Recently, an editorial in the Journal of the American Geriatrics Society cited “disease-mongering” of testosterone to men for conditions for which it is not approved. Increasingly low libido, obesity and other age-related changes are attributed to “Low T” or low testosterone.
This spring, I interviewed a coauthor of the editorial, Thomas Perls, a professor of medicine and director of the New England Centenarian Study at Boston Medical Center and Boston University School of Medicine. He defined disease-mongering as “inventing new broader definitions of a disease or even the invention of a disease in conjunction with widespread marketing to increase sales of specific drugs and therapies.”
True instances of testosterone deficiency such as hypogonadism are rare, he said, but “massive marketing campaigns” now claim that common middle-age symptoms like lack of energy, poor sleep and poor libido will respond to testosterone and the number of men labeled with Low T has skyrocketed. Hypogonadism, a condition that is legitimately treated with testosterone, was redefined and some of the consensus panels were sponsored by pharmaceutical companies making and marketing testosterone, he told me.

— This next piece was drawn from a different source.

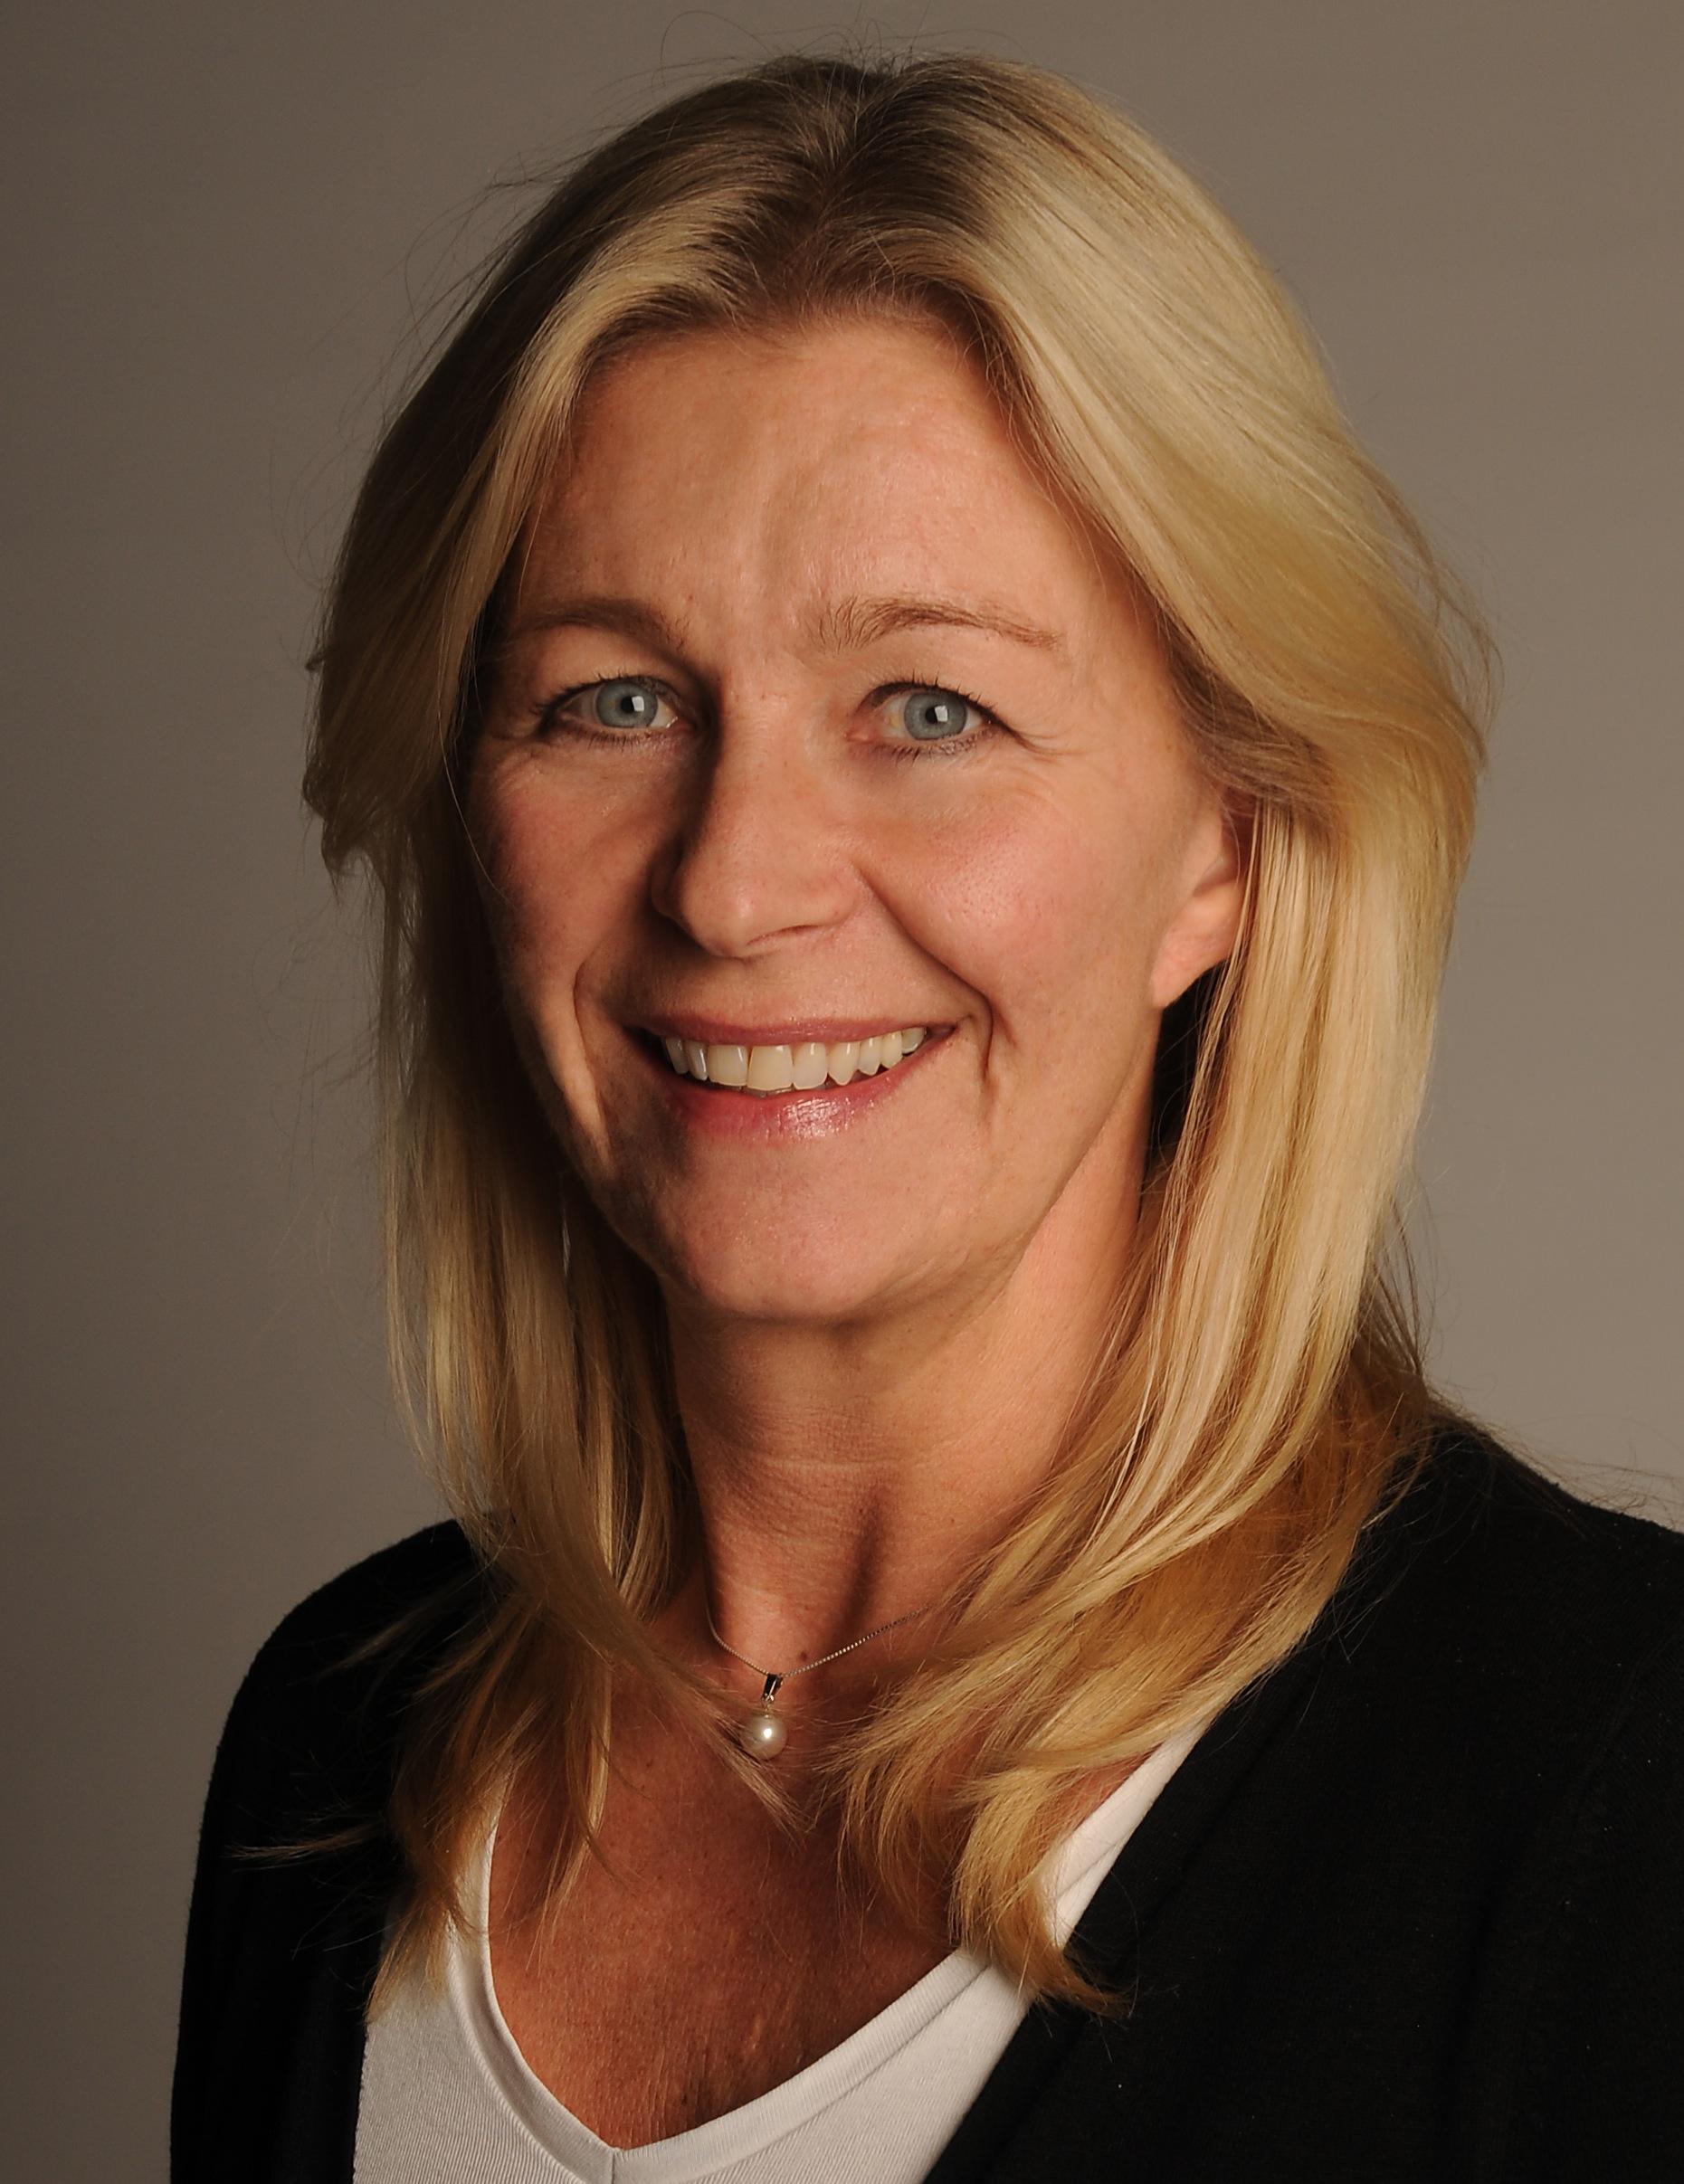 Marianne Gray
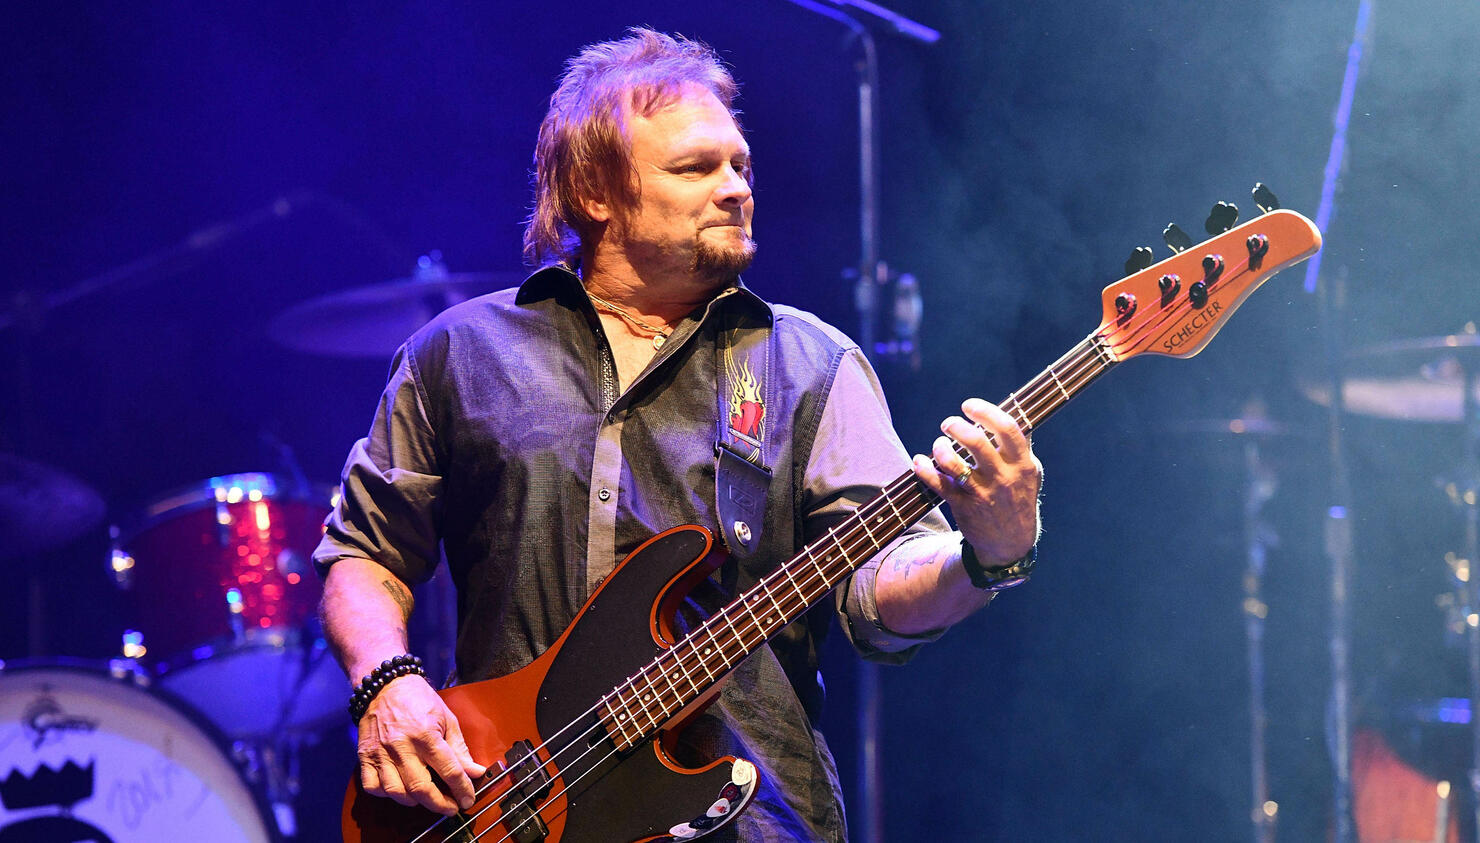 Michael Anthony Downplays Van Halen Reunion Rumors

Both the FDA and Health Canada warn of an increased risk of blood clots in the legs and lungs from testosterone therapy. Cardiac rhythm disturbances like atrial fibrillation and symptoms of coronary artery disease are see in the patients on the hormone therapy and even violent behavior (“roid rage”) impulsiveness and suicide, Dr. Perls told me. Studies suggest dormant cancers can be accelerated or activated by testosterone stimulation.
Sales of testosterone products in the US were $2 billion in 2012.
Of course, everyone (except hormone hawkers) realizes that people lose hormones as they age, they do not age because they lose hormones. But there should be another level of outrage to this marketing: this whole sad scenario has unfolded before—twice, when addressed to women.
A bestselling book in 1966 called Feminine Forever by Robert A. Wilson, a Wyeth-funded gynecologist, told women they would be “flabby,” “shrunken,” “dull-minded,” and “desexed” unless they took hormone replacement therapy. “No woman can be sure of escaping the horror of this living decay,” he warned. A 1946 Smith, Kline and French ad in Psychosomatic Medicine actually calls electric shock and estrogenic therapy “fundamental measures” for menopause. Yes, you read that correctly.